# How to gut and gill a Snapper



## GCjetski (Jul 28, 2018)

After filleting a Snapper there is alot of meat left behind on the head and frame, out of respect to the fish I like to give these give to people who appreciate the meal. This is how I prep the frames by gutting and gilling making them ready to eat


----------



## Jason (Oct 2, 2007)

That is what I do with the bigger fish, I know when I do Amberjack you can get about 3-5lbs of good smoked meat from a decent size AJ.


----------



## jaster (Oct 7, 2007)

Looks like throats to me!!


----------



## rustybucket (Aug 18, 2011)

This past weekend we only landed a few golden tilefish, other than that the trip was a bust for edible fish. I didn't feel right taking a bag of fish home so I gave everyone else the fillets but I kept the backbones and the throats/cheeks....

The backbones got broiled with blackening seasoning and butter in the oven until slightly crispy on top. 

All i can say is WOW!!! Can't believe I been missing this!! I will never throw another backbone away again.

I've done the throats many times and while they are awesome, the backbone may have it beat.

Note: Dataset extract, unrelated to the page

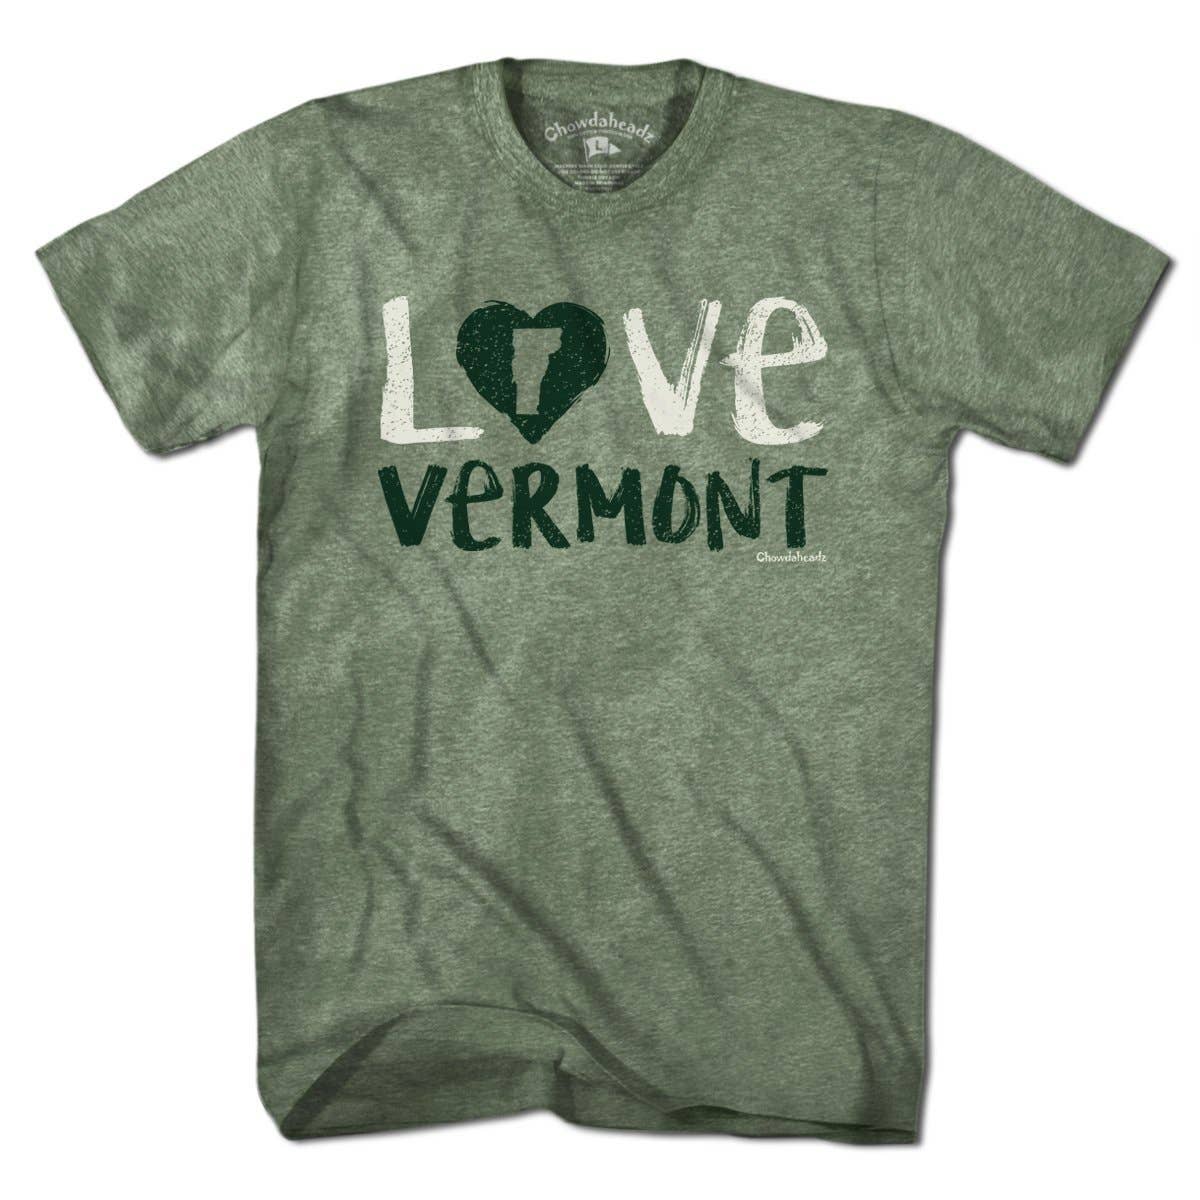 Chowdaheadz - Love Vermont T-Shirt
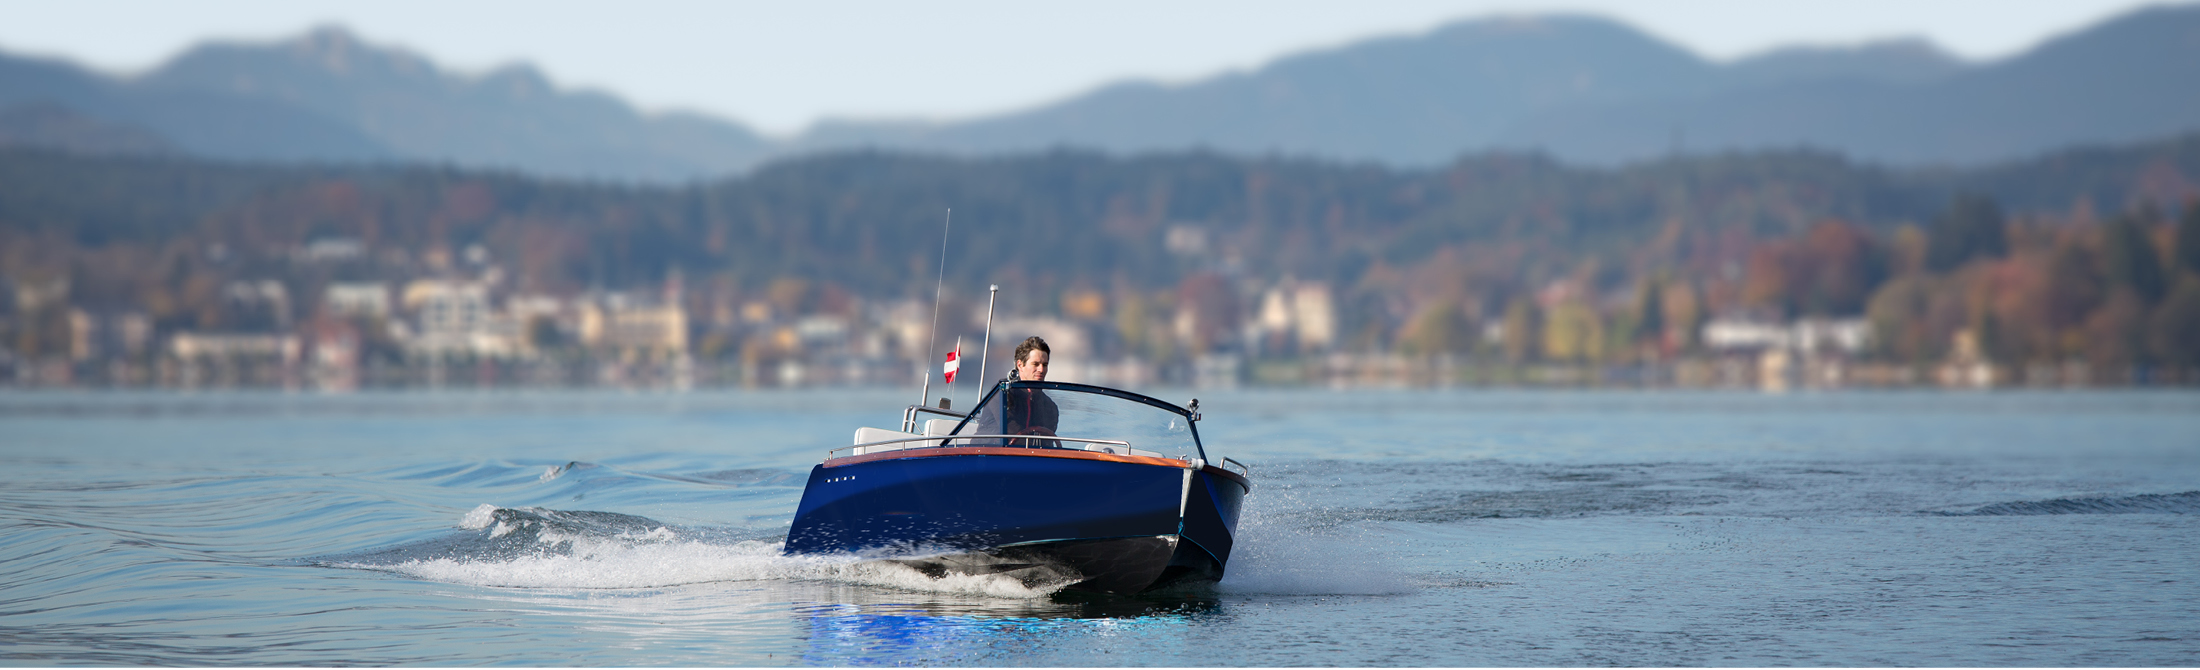 STH M16 Motorboot fährt schnell über den See

I will def be keeping all backbones from here on out, will probably smoke the tuna and king backbones but everything else is getting broiled or grilled.

Even though I fillet very close to the bones there was a surprising amount of meat left on the backbone.


----------



## GCjetski (Jul 28, 2018)

I have not tried them any other way than smoked myself, but I may have to after reading that. And yes there can be a surprising amount of meat left over on the frame


----------